Title: A Little String Thing

Author:

Date: 03 August 2002 13:15:52 +01:00 or Sat, 03 August 2002 13:15:52 +01:00

Summary:

Body:

It is sometimes useful to be able to tidy up a string before further processing in a software system e.g. at the point where the user has entered the string via the user-interface. From this point on an assumption may be safely made that the string contains no formatting "surprises". Perhaps one of the hardest things to spot with strings is leading or trailing white space. As unlikely as it may seem this can cause systems to fail e.g. a table in a database cannot be found because leading white space in a table name is present. Trying to find such issues can really be like looking for a needle in a haystack.

By removing all non-significant white space (by that I mean leading and trailing white space) at the point where the string has just been entered by a user, such problems should not occur. Performing the operation at the point of entry of data into a system means that no further checks for leading/trailing white space need to be made in other parts of the code and provides for a single point of maintenance.

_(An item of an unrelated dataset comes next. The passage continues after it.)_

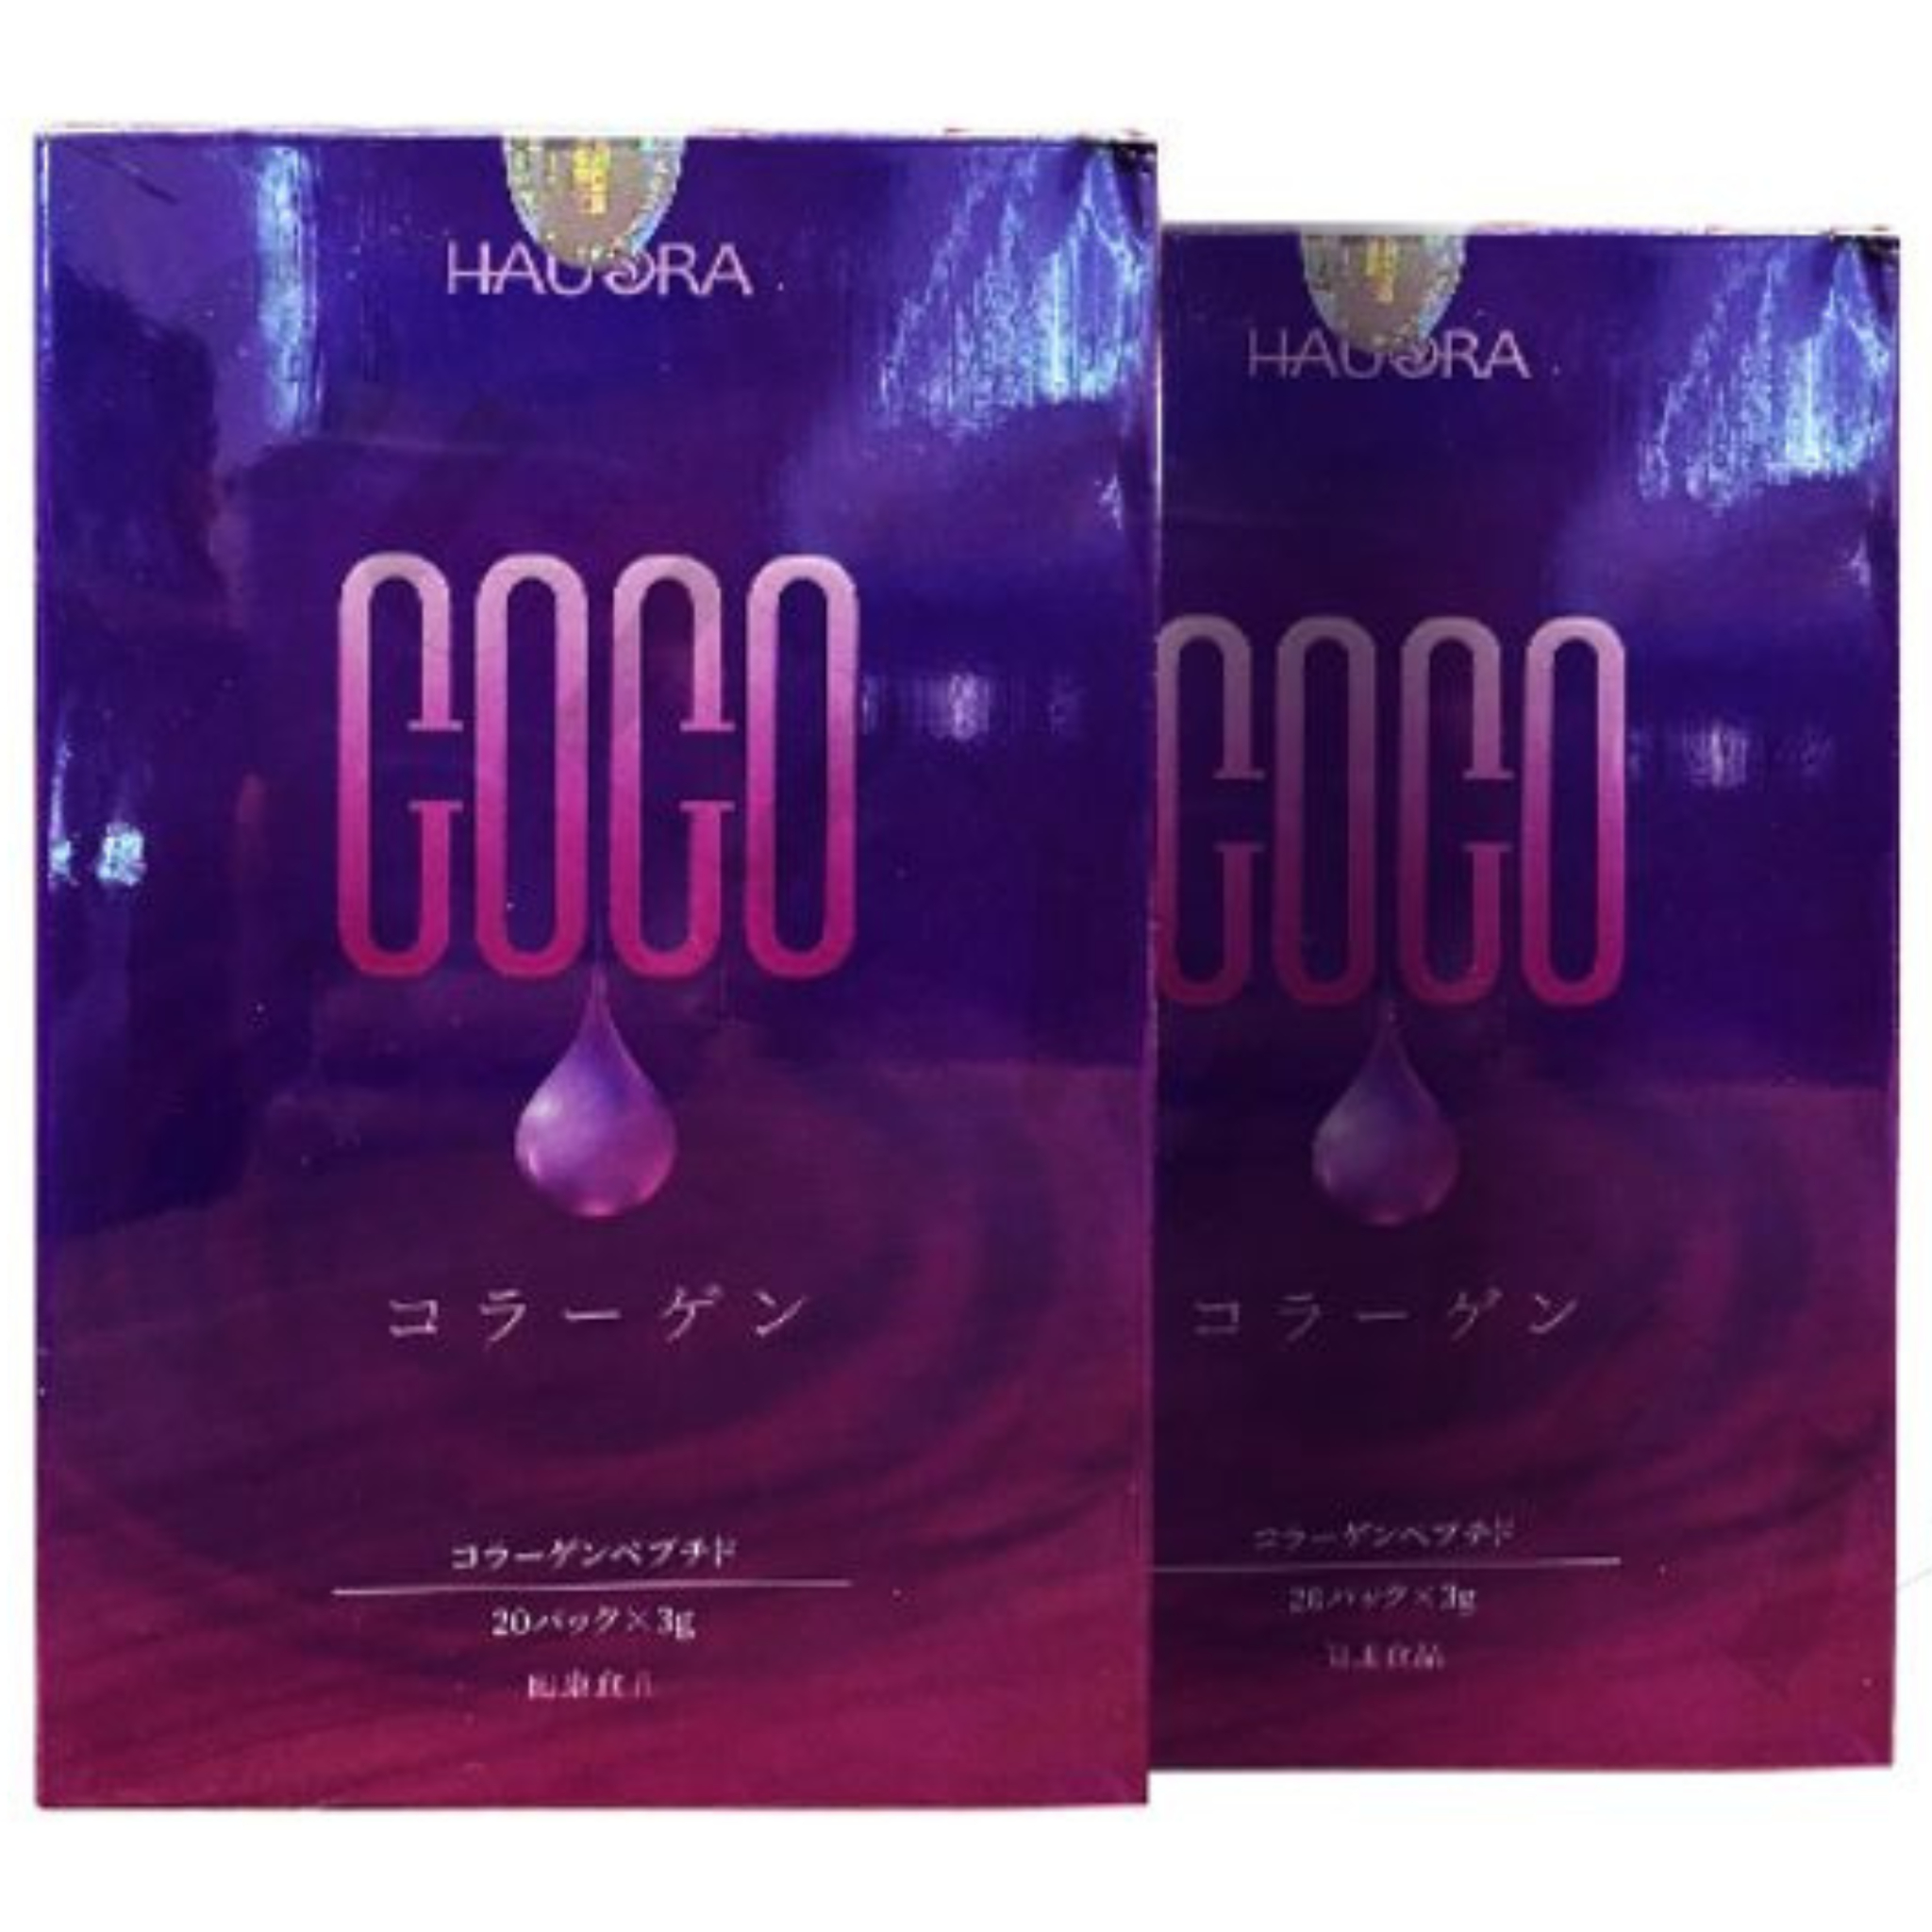 Coco collagen - màu sắc chủ đạo của bao bì là hồng tím galaxy rất bắt mắt và thu hút

The project I have in mind uses the C++ standard library string class. Despite criticisms from some quarters that the string class has too many methods (a "Swiss army knife" of a string class, if you will) it certainly doesn't have any methods for removing leading and/or trailing white space. This means we have to code it ourselves. Well, the string class does provide "find" type methods so we could use those to locate specific portions of the string and extract the "real" part of the string. Below is some sample code:

#include <string>
#include <iostream>

namespace {
void rem_space(std::string& str) {
  typedef std::string::size_type pos_t;
  pos_t start = str.find_first_not_of(' ');
  pos_t end = str.find_first_of(' ', start);
  str = str.substr(start, end - start);
}

void show(const std::string& str) {
  std::cout << "Text is: *" << str << '*' << std::endl;
}

void test_it(std::string& str) {
  show(str);
  rem_space(str);
  show(str);
  std::cout << std::endl;
}}

int main() {
  using std::string;

  string test1("   abc   ");
  test_it(test1);

  string test2("   abc");
  test_it(test2);
    
  string test3("abc   ");
  test_it(test3);
    
  string test4("abc");
  test_it(test4);

  return 0;
}

On the face of it, the code seems to do the trick. The method rem_space in the anonymous namespace is really the heart of it and I guess the three lines of code speak for themselves (note that the clear names of the methods on the std::string class make the code almost self-documenting here). The start and end positions are not checked against std::string::npos here as such checks are unnecessary in this context (but they should be checked for start > end - more later).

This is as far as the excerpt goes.